Andrew Hines is a Canadian filmmaker from Nova Scotia, whose feature film debut Little Lorraine premiered in 2025.

Hines, the son of photographer Sherman Hines, began his career as a music video director, creating videos for artists such as Tory Lanez, Logic, Big Sean, Classified, Alicia Keys, Keith Urban, Jason Derulo, J Balvin, Lizzo, Coldplay, Matthew Good and Anderson .Paak.

His video for Big Sean's "One Man Can Change the World" was the winner of the MTV Music Video Award for Best Video with a Social Message at the 2015 MTV Video Music Awards. His video for Logic's "1-800-273-8255" was a Grammy Award nominee for Best Music Video at the 60th Annual Grammy Awards in 2018 , and his video for Classified's "Powerless" received a Juno Award nomination for Video of the Year at the Juno Awards of 2019, as well as being shortlisted for the 2019 Prism Prize.

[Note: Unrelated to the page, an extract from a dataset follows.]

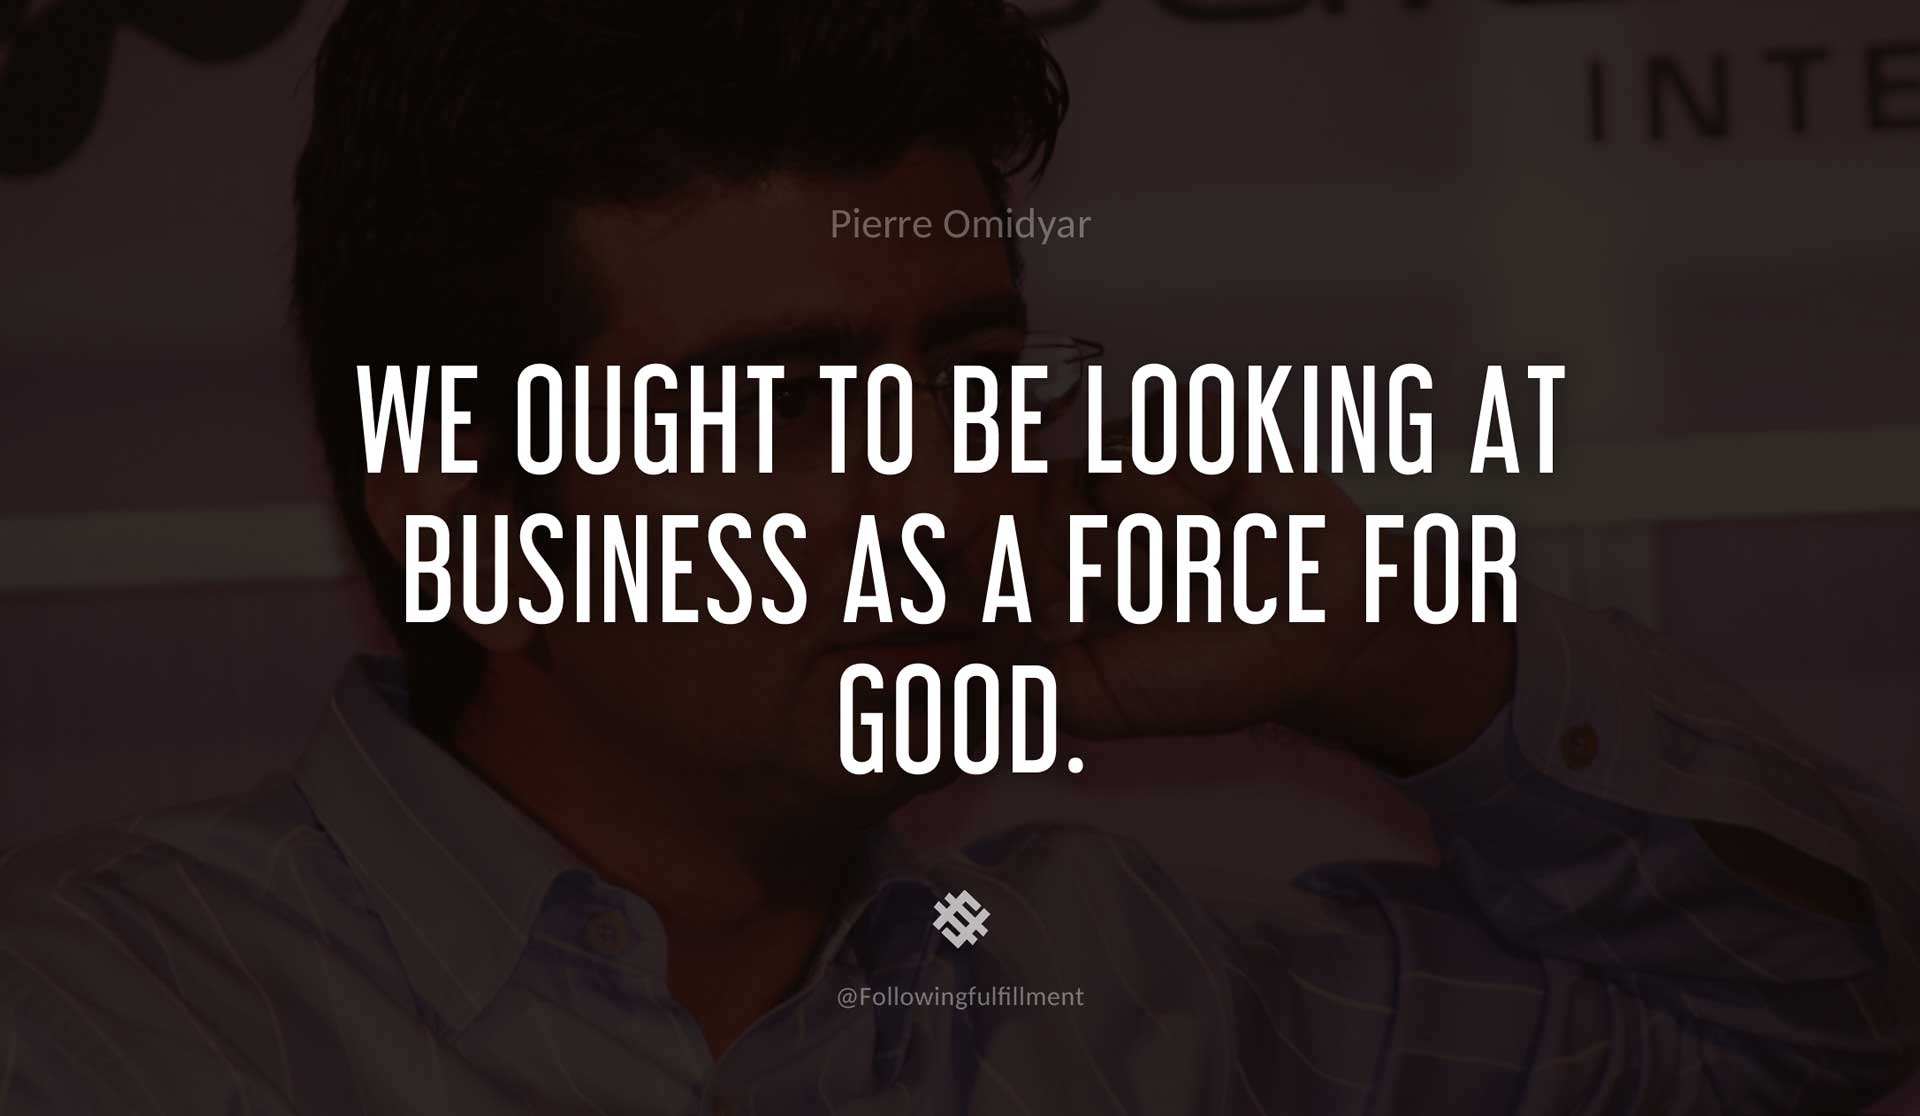 We-ought-to-be-looking-at-business-as-a-force-for-good.-PIERRE-OMIDYAR-Quote.jpg

In 2022 he directed the video for Adam Baldwin's single "Lighthouse in Little Lorraine", which he subsequently used as proof of concept to secure studio interest in a feature film treatment of the true story that inspired the song. Little Lorraine premiered in the Discovery program at the 2025 Toronto International Film Festival. It was subsequently screened at the 2025 Atlantic International Film Festival, where Hines and Baldwin won the Michael Weir Award for best screenwriting.

Hines said he hoped to use a similar music video adaptation approach to secure financing for other film ideas.